Core names are integers from 0 to n-1 where n is the number of cores on a node.
ppn: processes per node for launching the task
max_ppn: processes that can be launched
accurateNodes:
True
if nodes uses the actual names of the nodes,False
otherwise.
Arguments:
nproc: the number of requested processes (int)
comp_id: component identifier, must be unique with respect to the framework (string)
task_id: task identifier from TM (int)
method: name of method (string)
task_ppn: ppn for this task (optional) (int)
- initialize(dataMngr, taskMngr, configMngr, cmd_nodes=0, cmd_ppn=0)¶
Initialize resource management structures, references to other managers (dataMngr, taskMngr, configMngr).
Resource information comes from the following in order of priority:
command line specification (cmd_nodes, cmd_ppn)
detection using parameters from platform config file
manual settings from platform config file
The second two sources are obtained through
resourceHelper.getResourceList()
.
- printRMState()¶
Print the node tree to
stdout
.
- process_service_request(msg)¶
- release_allocation(task_id, status)¶
Set resources allocated to task task_id to available. status is not used, but may be used to correlate resource failures to task failures and implement task relaunch strategies.
- report_RM_status(notes='')¶
Print current RM status to the reporting_file (“resource_usage”) Entries consist of:
time in seconds since beginning of time (__init__ of RM)
# cores that are available
# cores that are allocated
% allocated cores
# processes launched by task
% cores used by processes
notes (a description of the event that changed the resource usage)
- sendEvent(eventName, info)¶
wrapper for constructing and publishing EM events
- class ipsframework.node_structure.Node(name, socks, cores, p)¶
Models a node in the allocation.
name: name of node, typically actual name from resource detection phase.
task_ids, owners: identifiers for the tasks and components that are currently using the node.
allocated, available: list of sockets that have cores allocated and available.
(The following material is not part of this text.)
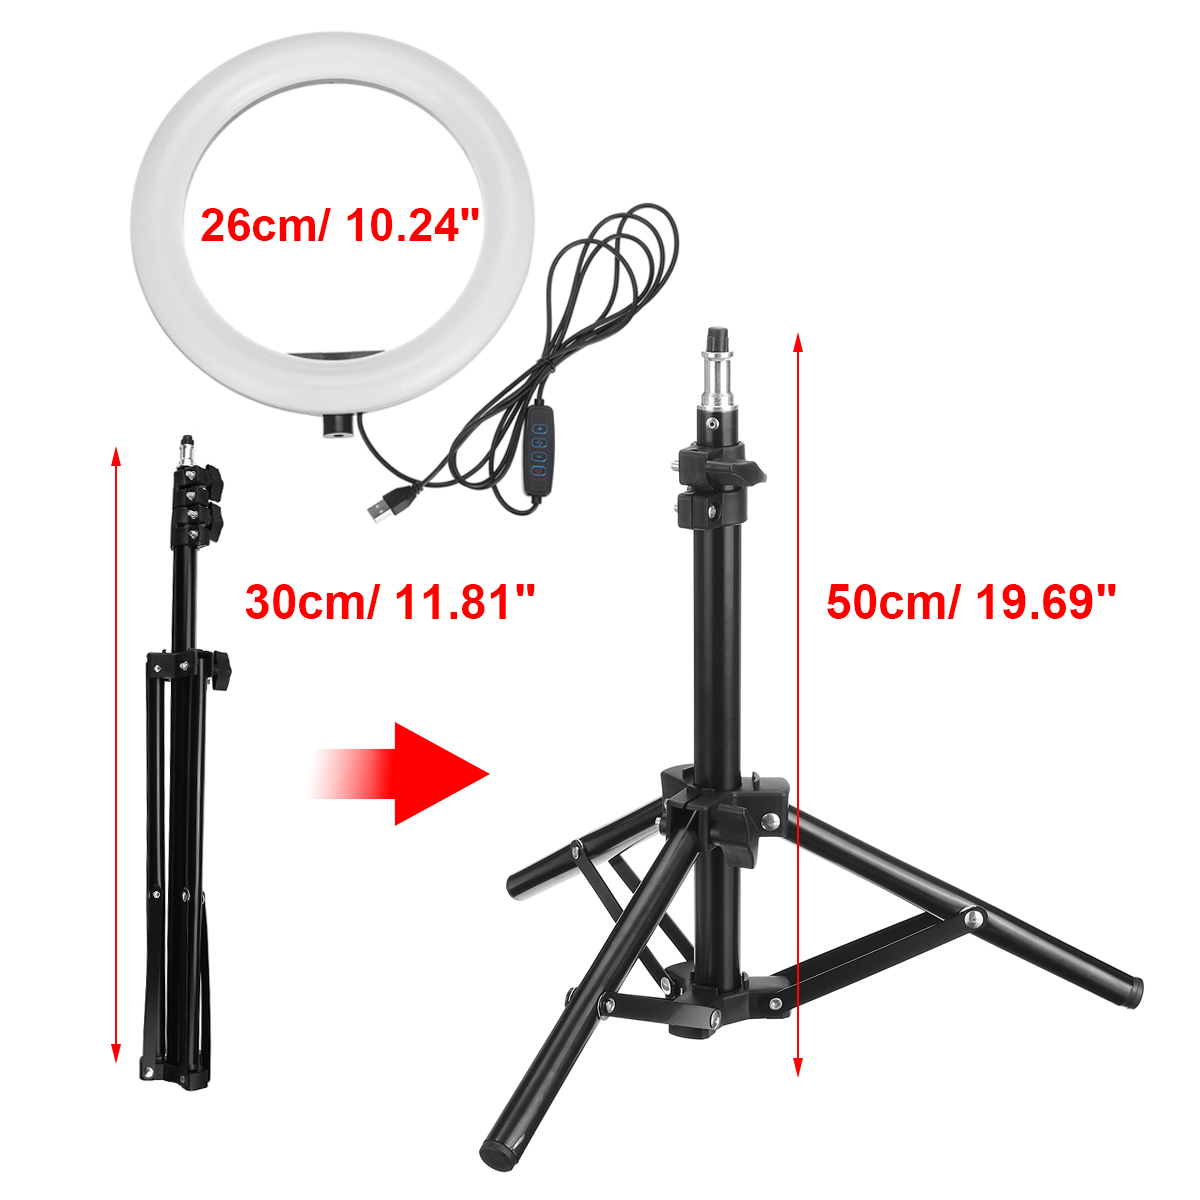 Flashes-Selfie-Lights-LED-Ring-Light-Lamp-Stand-Kit-Dimmable-Photo-Studio-Selfie-Makeup-Lamp-1760877-9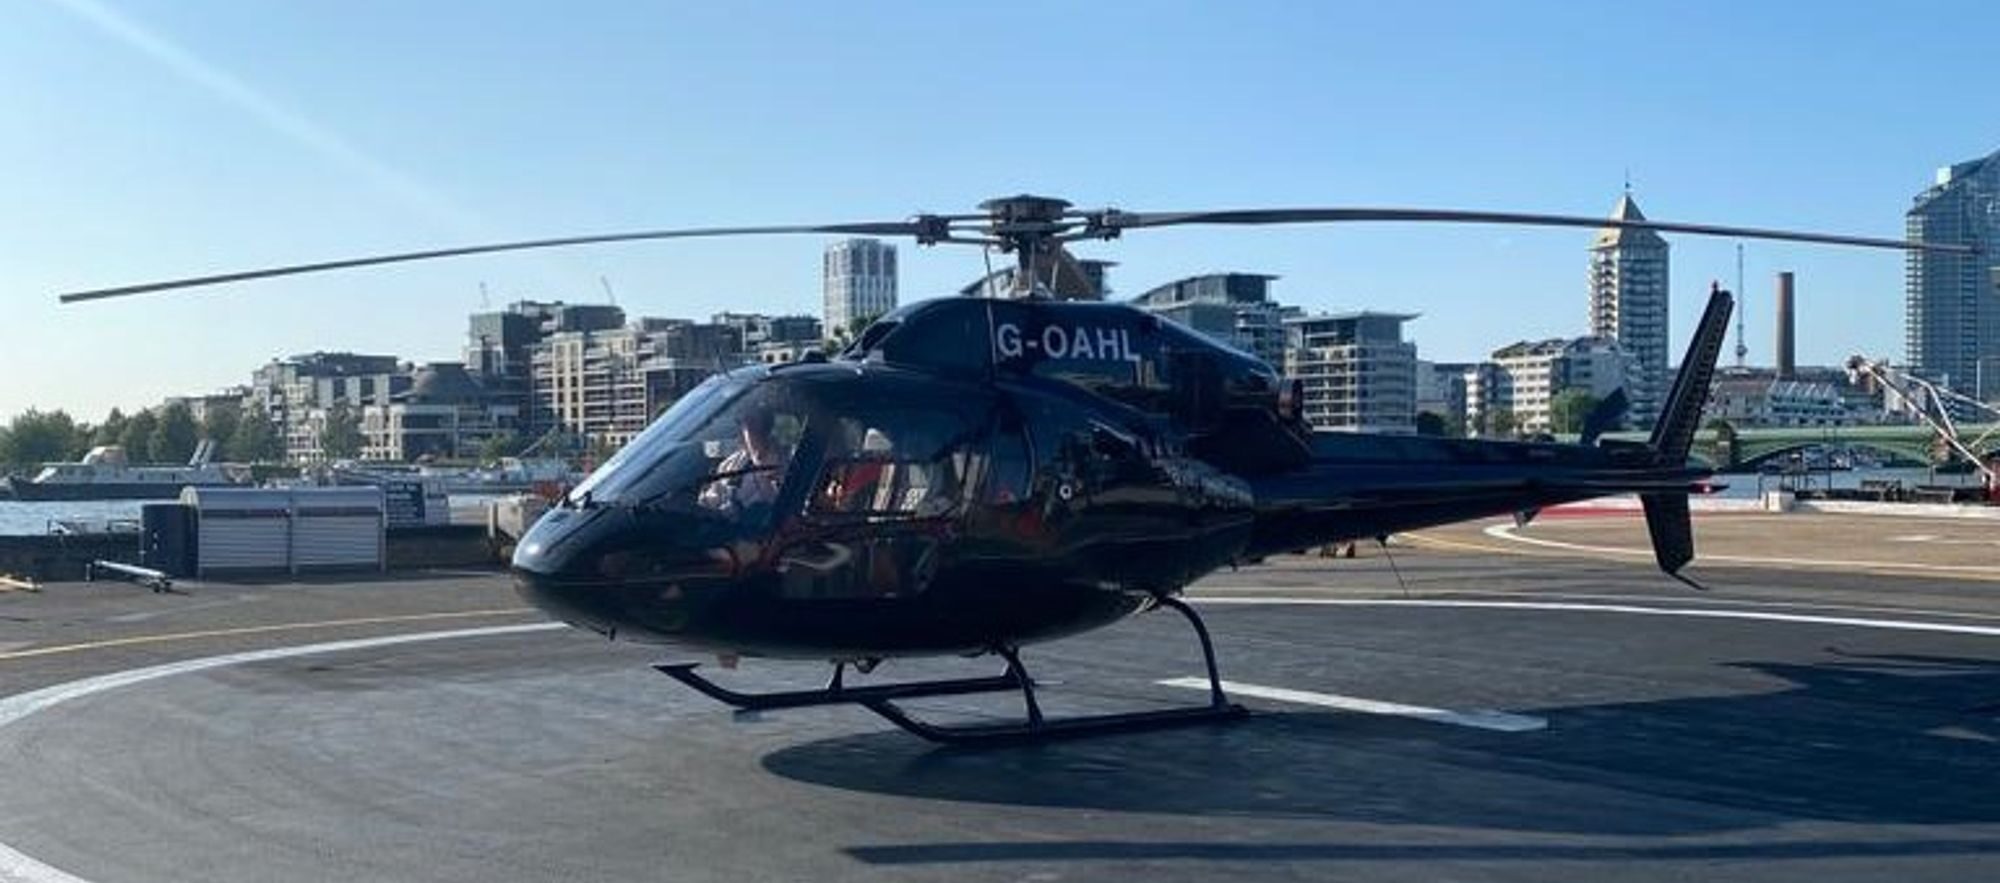 Why CEOs Should Use Helicopter Charter For Business Travel

A socket may appear in both lists if it is only partially allocated.
sockets: list of sockets belonging to this node
avail_cores: number of cores that are currently available.
total_cores: total number of cores that can be allocated on this node.
status: indicates if the node is ‘UP’ or ‘DOWN’. Currently not used, all nodes are considered functional..
- allocate(whole_nodes, whole_sockets, tid, o, procs)¶
Mark procs number of cores as allocated subject to the values of whole_nodes and whole_sockets. Return the number of cores allocated and their corresponding slots, a list of strings of the form:
<socket name>:<core name>
- print_sockets(fname='')¶
Pretty print of state of sockets.
- release(tid, o)¶
Mark cores used by task tid and component o as available. Return the number of cores released.
- class ipsframework.node_structure.Socket(name, cps, coreids=())¶
Models a socket in a node.
name: identifier for the socket
task_ids, owners: identifiers for the tasks and components that are currently using the socket.
allocated, available: lists of cores that are allocated and available.
cores: list of
Core
objects belonging to this socketavail_cores: number of cores that are currently available.
total_cores: total number of cores that can be allocated on this socket.
- allocate(whole, tid, o, num_procs)¶
Mark num_procs cores as allocated subject to the value of whole. Return a list of strings of the form:
<socket name>:<core name>
- print_cores(fname='')¶
Pretty print of state of cores.
- release(tid)¶
Mark cores that are allocated to task tid as available. Return number of cores set to available.
- class ipsframework.node_structure.Core(name)¶
Models a core of a socket.
name: name of core
is_available: boolean value indicating the availability of the core.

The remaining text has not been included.